CORS(app, origins=os.getenv('CORS_ORIGINS', '').split(','))

🐛 Troubleshooting

Common Issues

  1. Claude AI API Errors

    • Verify API key is valid
    • Check API quota and limits
    • Ensure proper model access
  2. SVG Generation Failures

    • Check prompt complexity
    • Verify SVG output format
    • Review error logs
  3. Performance Issues

    • Monitor response times
    • Check server resources
    • Optimize AI model usage

Debug Mode

Enable debug logging:

app.config['DEBUG'] = True
logging.getLogger().setLevel(logging.DEBUG)

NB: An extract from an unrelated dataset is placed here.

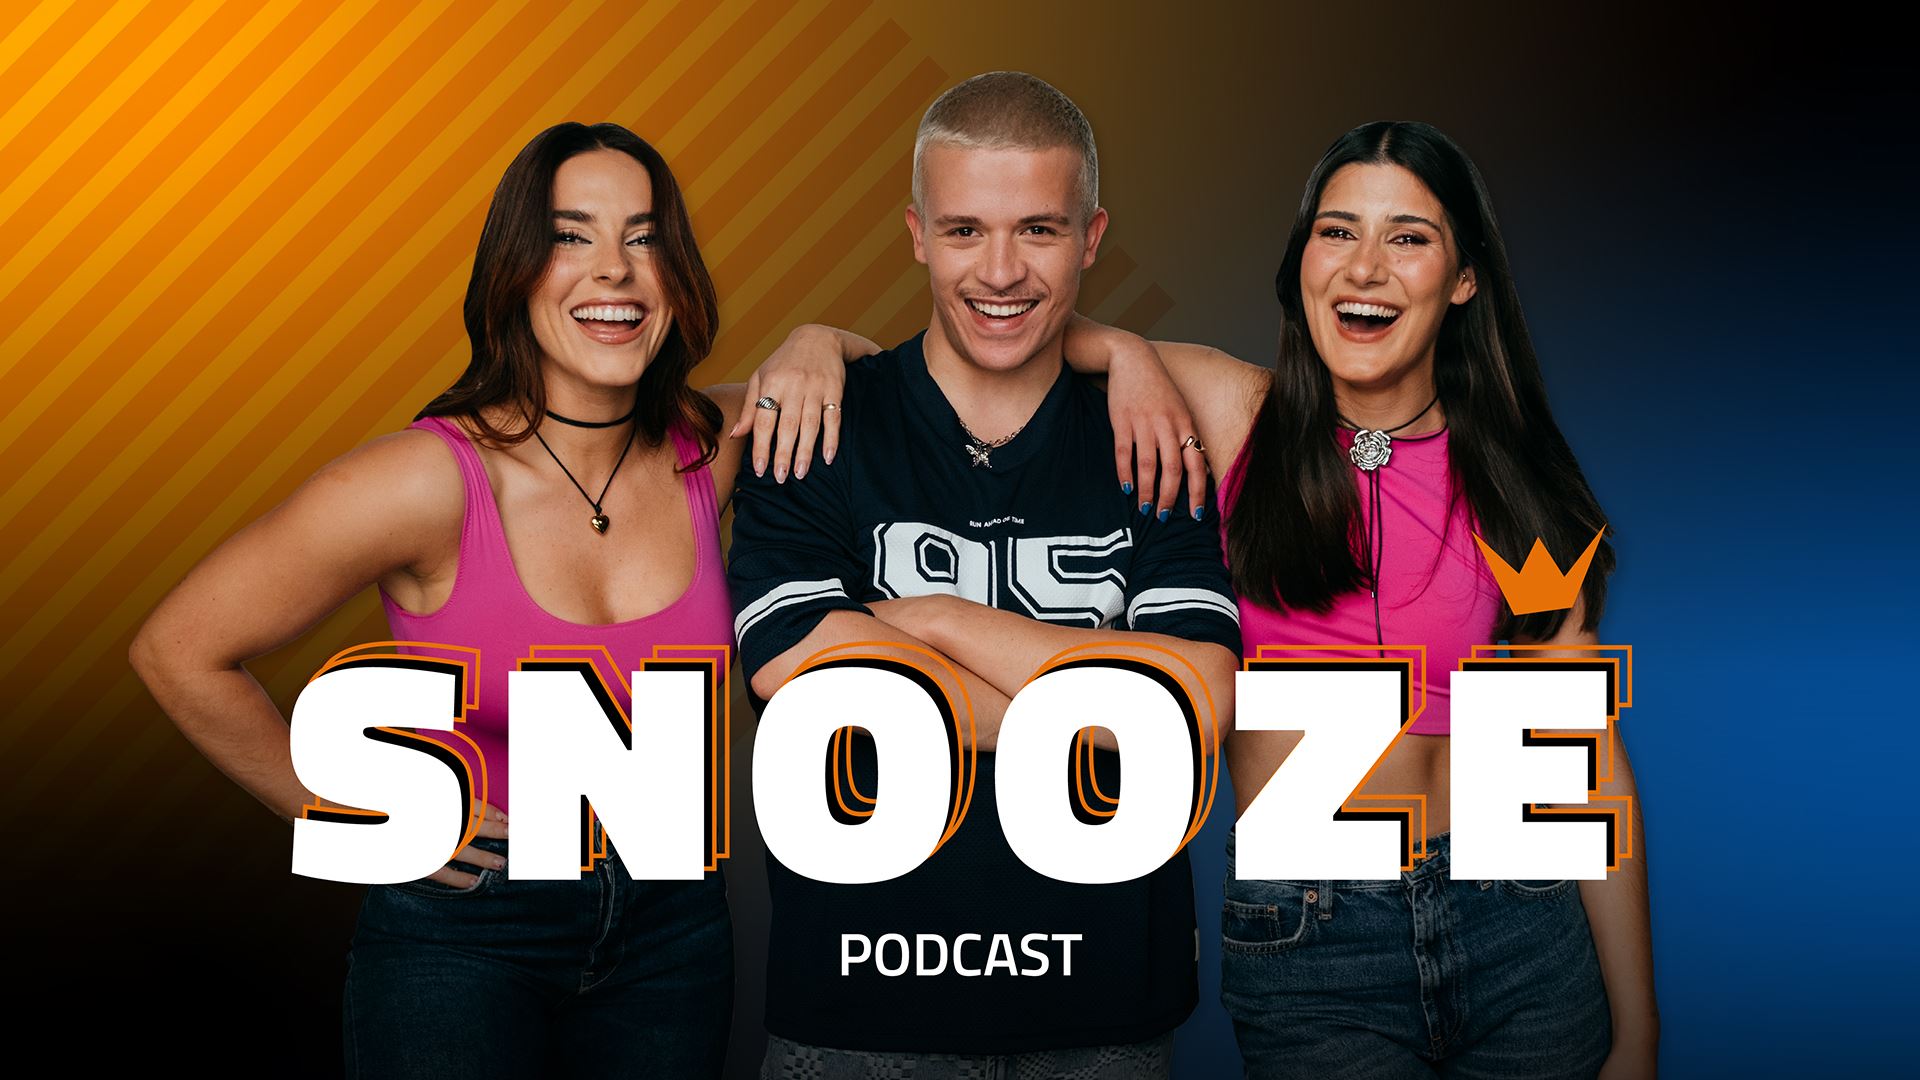 Snooze Podcast#26 | Engates bizarros

📈 Performance Optimization

Caching Strategies

  • Response caching for similar prompts
  • SVG template caching
  • AI response caching

Async Processing

  • Background SVG generation
  • Queue-based processing
  • WebSocket updates

Resource Management

  • Connection pooling
  • Memory optimization
  • CPU usage monitoring

🔮 Future Enhancements

Planned Features

  • Template System: Pre-built wireframe templates
  • Custom Styling: User-defined color schemes
  • Export Options: PNG, PDF, and other formats
  • Collaboration: Real-time editing and sharing
  • Version Control: Wireframe history and branching

Scalability Improvements

  • Microservices: Separate AI and SVG services
  • Load Balancing: Multiple backend instances
  • CDN Integration: Global content delivery
  • Database Storage: Wireframe persistence

🤝 Contributing

  1. Fork the repository
  2. Create a feature branch
  3. Implement your changes
  4. Add tests and documentation
  5. Submit a pull request

Development Guidelines

  • Follow PEP 8 style guidelines
  • Add type hints for new functions
  • Include docstrings for all functions
  • Write tests for new features

📄 License

This project is licensed under the MIT License - see the LICENSE file for details.

🆘 Support

For support and questions:

  • Create an issue in the repository
  • Check the troubleshooting section
  • Review the frontend documentation
  • Contact the development team

Note: This backend service is designed to work with the Prompt to Wireframe frontend application, providing SVG wireframe generation capabilities through Claude AI integration.